When I was a child I would sometimes help my dad, a landscaper, on his job sites. He would do the planting while I would bring him the materials. I’d have to load the wheelbarrow with flats of plants or heaps of soil and do my best to lug it over to him. “You can do it,” he would say. “It’s not that far and it’s not that heavy.” And in a sense he was right—it wasn’t that far and it wasn’t that heavy. But he was looking at it from the perspective of a man while I was looking at it from the perspective of a boy. He was grown and strong while I was small and weak. Now that I’m an adult I would agree that it’s an easy load and a short haul. But back then it took everything I had.

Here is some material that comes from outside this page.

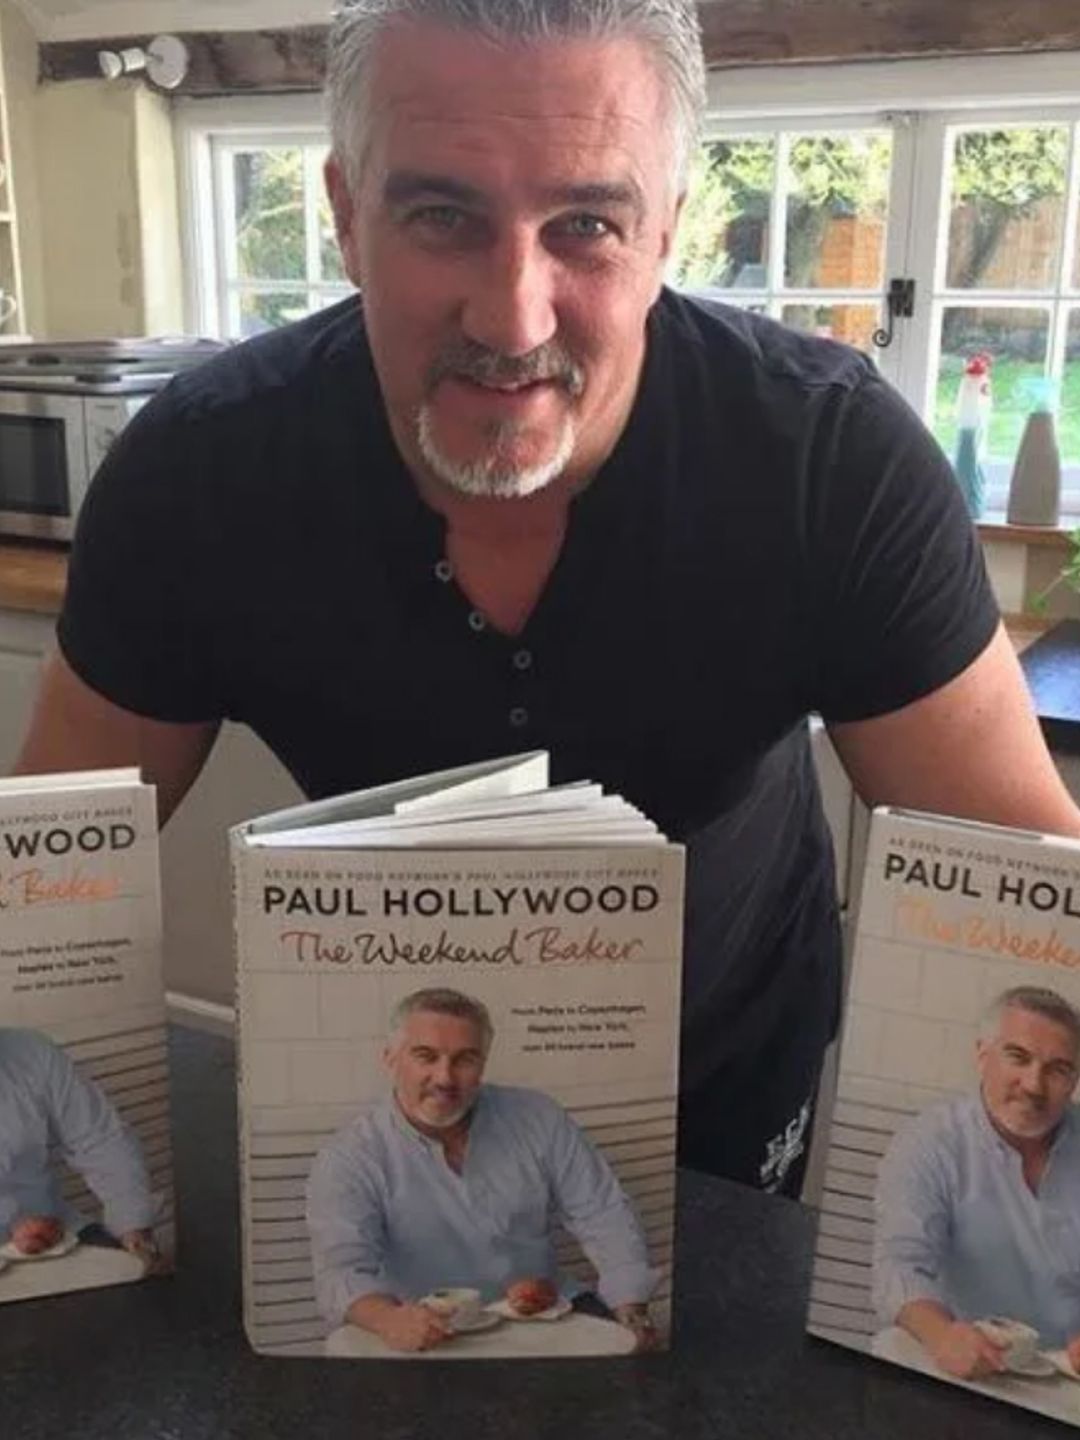 Paul Hollywood in a kitchen in front of three books

And I think this helps us get at what Paul is saying. Sorrow truly is heavy and hard in the moment. It calls for strength and endurance, fortitude and perseverance. It does us no good to minimize our pain or downplay our suffering. We need not suffer with dry eyes and impassive hearts. We are Christians, not Stoics. We are followers of a Savior who stood outside the tomb of his friend and wept, a Savior who knows what it is to have his heart broken. Tears are so sacred, so precious that God promises that not one goes unseen and unnoticed.
Yet even as our suffering is excruciating it is also light and even while it feels endless it is also momentary. To understand this we must engage our faith and move forward in time—forward beyond time. Through faith we can transport ourselves to the future and see the glories of heaven, the endless ages of joy, the completion of divine purposes. And now, from this shifted perspective, we can look back on our suffering. As we look forward from present to future our suffering is heavy and long, but as we look back from future to present it is light and momentary. Faith allows us to see this, to feel this, to believe this.
The deepest sorrow on earth is light in comparison to the smallest pleasure of heaven. It is a feather against an anvil, a grain of sand against a mountain, a drop of water against the mighty Pacific. The longest sorrow on earth is momentary in comparison to the shortest joy in heaven. It is a second against a year, a step against a marathon, a single tick of a clock against an entire age. It’s faith that allows us to see this and faith that allows us to believe it.
We may not judge today’s afflictions light and momentary. And, in fact, there is a very real sense in which they are not. So as we bear these burdens and endure these sorrows, as we feel their pain and cry our tears, we fix our eyes not on what is seen but on what is unseen, not on this day but on that one. And we say, with faith, “I can and will endure this light, momentary affliction as it prepares me for the full weight of glory that will prove far beyond all comparison.”